ASU has several things in common with Hawaii. Both started off hot (ASU 10-2, UH 11-1), both notched big wins over ranked opponents (ASU over Stanford, Hawaii over Indiana and Kansas) and both were given strong consideration for an NCAA at-large bid, feeling the last game of the season is what made the difference.

"This is an important game for both teams," said Veal, who is 29th nationally in scoring average (20.5 points per game).

"The only way you can prove we should have been in the NCAAs is to go out and show the country, 'Hey, we should have be in there,' by playing hard and giving it your all.

"It's not going to be easy for us, in front of a hostile, sold-out crowd. I saw Hawaii beat Kansas and knew they'd be a team to be reckoned with. They really impressed me. Their guards (Anthony Carter and Alika Smith) are as good as any in the country. They're a very, very good team and we're going to have to work hard together to beat them."

The Sun Devils have worked very hard for interim coach Don Newman in rebounding from a 10-20 record a year ago.

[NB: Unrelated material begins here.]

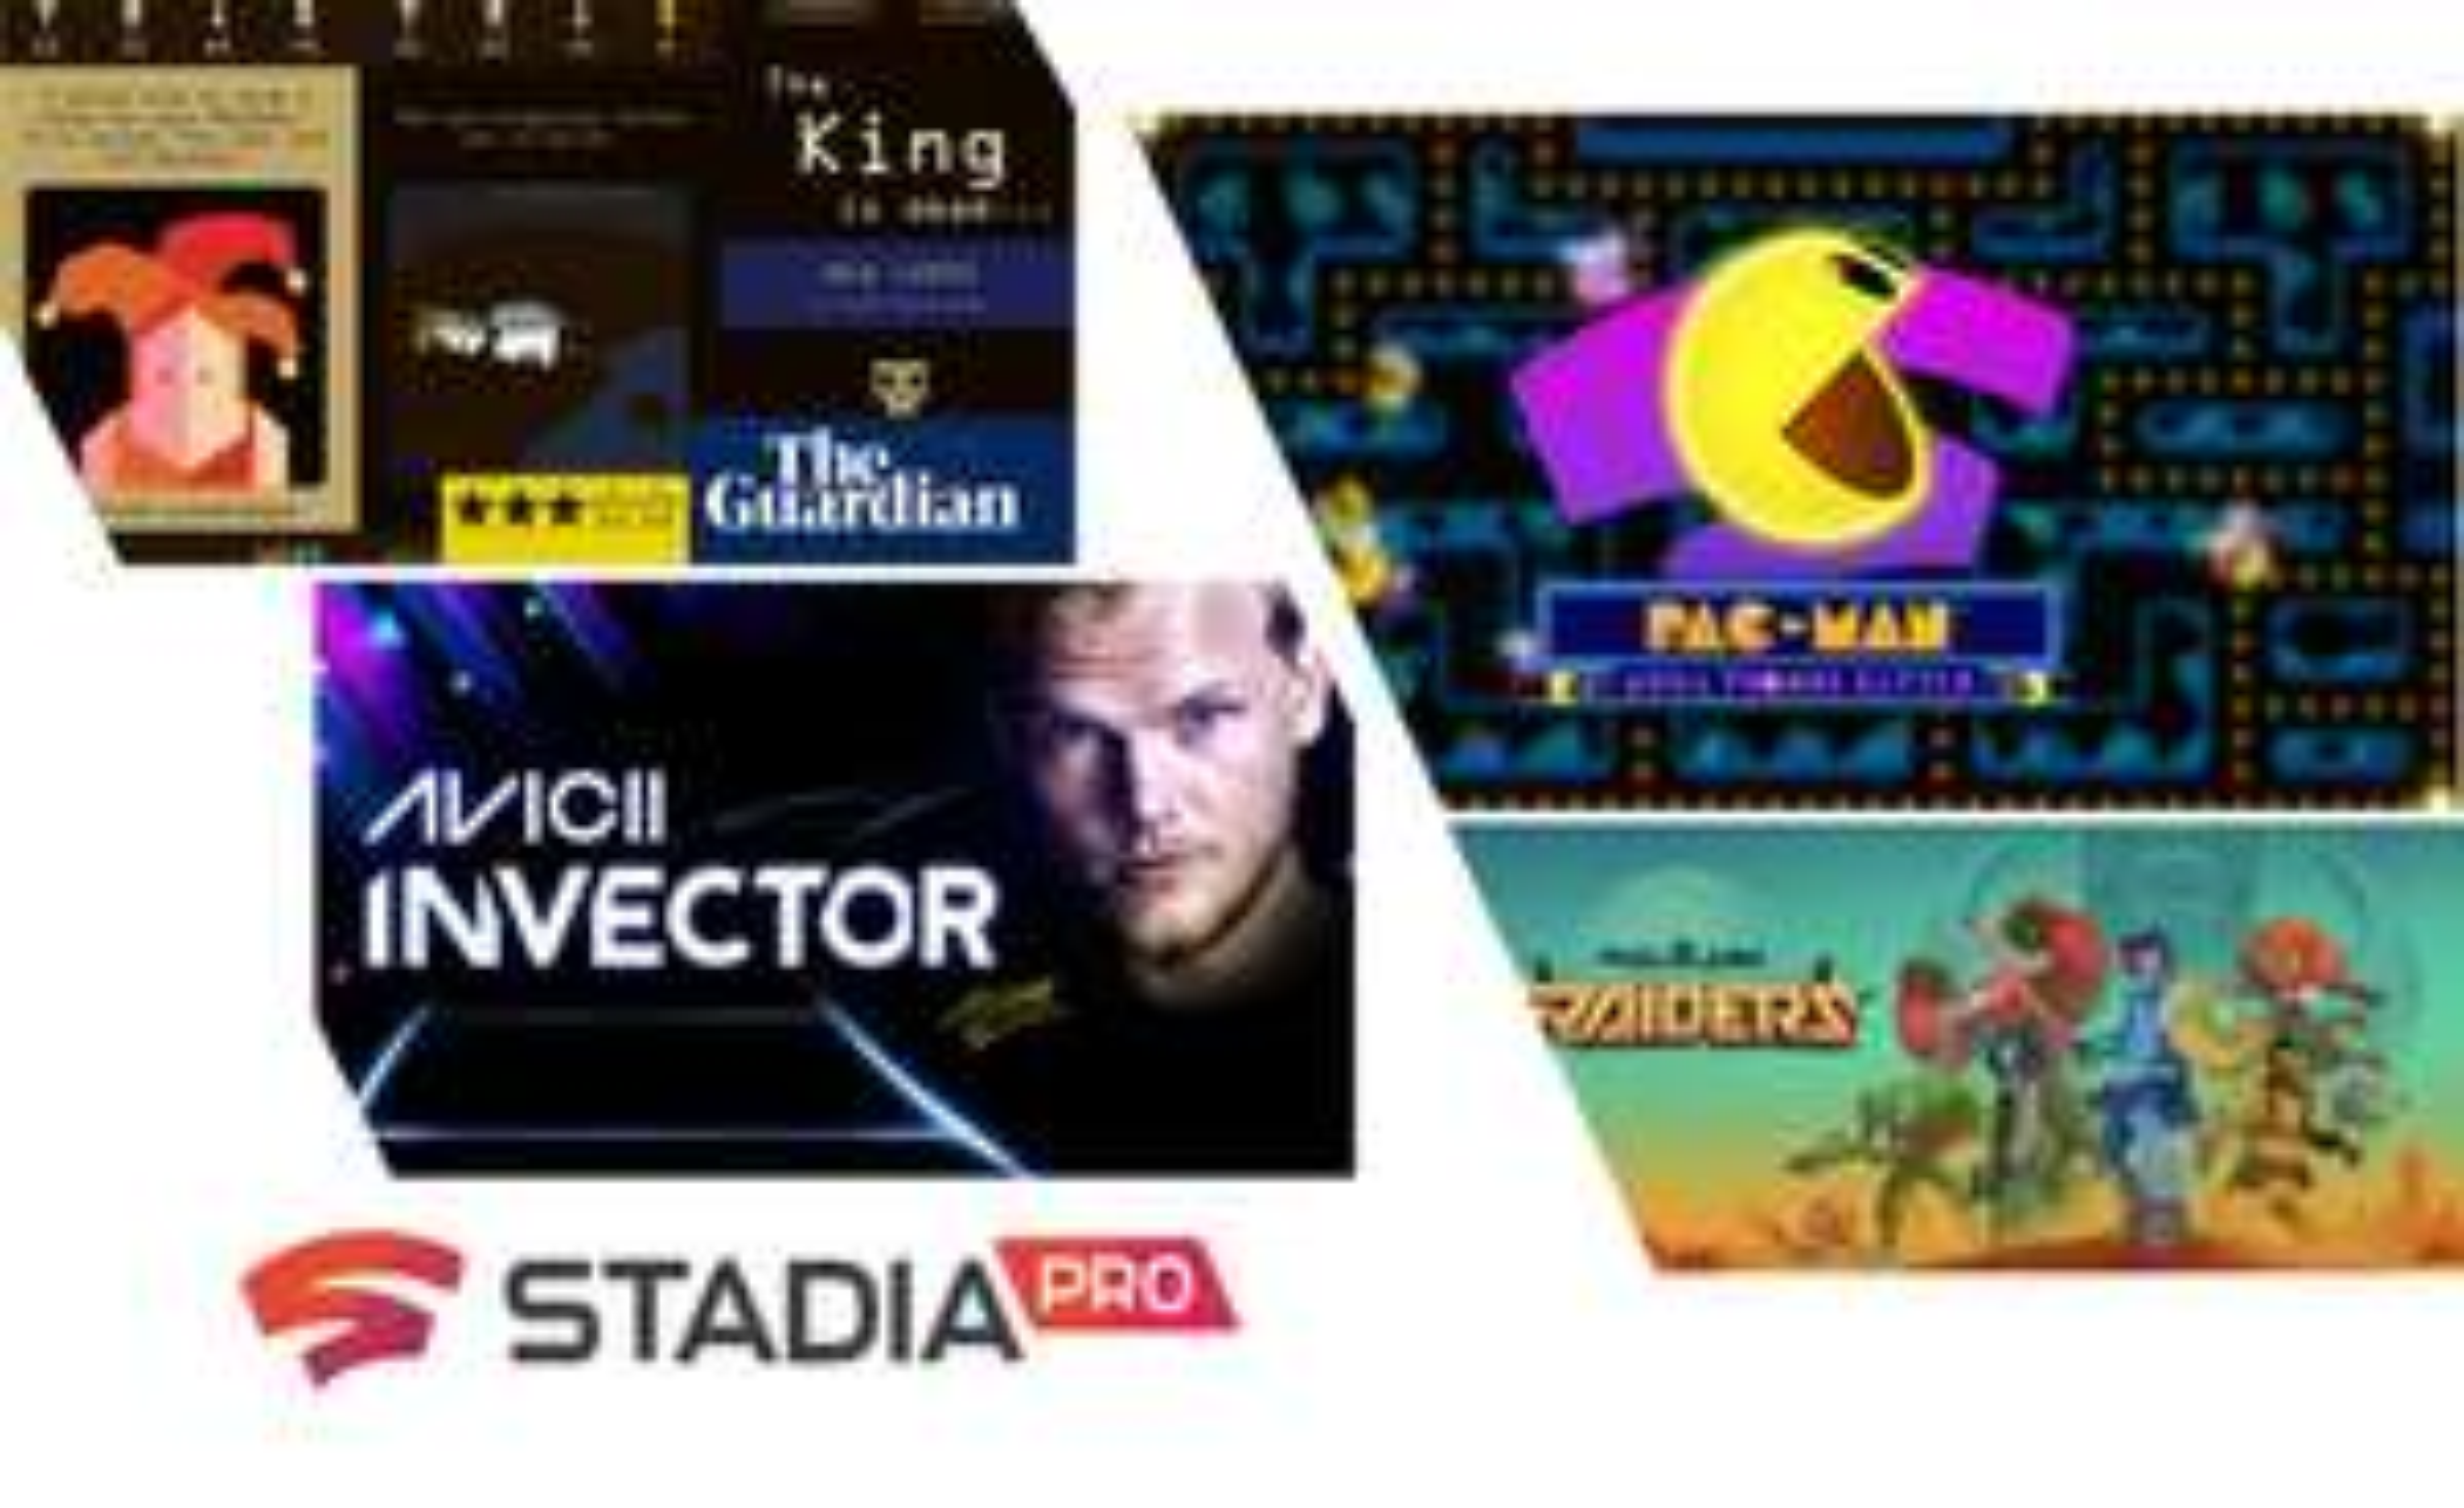 [Stadia Pro] März free Games: PixelJunk Raiders, AVICII, PAC-MAN Mega Tunnel Battle, Reigns

This season, ASU went 5-9 against teams that made the NCAA Tournament, defeating Stanford, Washington, and Cincinnati, and losing to then-No. 2 Kansas, 90-88, in overtime of the Preseason NIT semifinal.

"It's been a very interesting season, the way it started out," said Newman, the CSU Sacramento coach for five years before taking the ASU job. "It was always one negative after another. The biggest thing I was concerned with was the attitude of the guys and where their psyche would be.

"When I got hired, the only thing I wanted to do was put my arms around these guys and let them know that we could do a lot of good things if we were serious about our commitment. That's what we did. We turned the dial up on our work ethic and our belief.

"Now look at us. We're in the marquee first-round game of the NIT against Hawaii. Two teams that have proven that, on any given night, they can play with anyone in the country. To be on ESPN in the premier game (tonight), that's an indication of how well both teams have done this year."

Veal led ASU in scoring 11 of the last 14 games, is only the fourth Pac-10 player to score 1,900 points and have 400 assists, and is the first ASU player to lead the conference in scoring since Byron Scott in 1983.

"Jeremy, in four years, has probably been through as much as any student-athlete can go through," Newman said.

"Positives and negatives, he came through it all solid. He kept his focus in the classroom and on the court. He stepped it up when he had to. He's just a guy I've leaned on all year long.

"Leading the Pac-10 in scoring is not easy. And he's done it because he's very consistent, not because he's selfish. He's proven he can distribute the ball. He's played the point, the 2 (shooting guard), the 3 (small forward). He's done everything that has been asked of him. He's had a phenomenal career at ASU. Everyone is proud of him, and he should be proud of himself."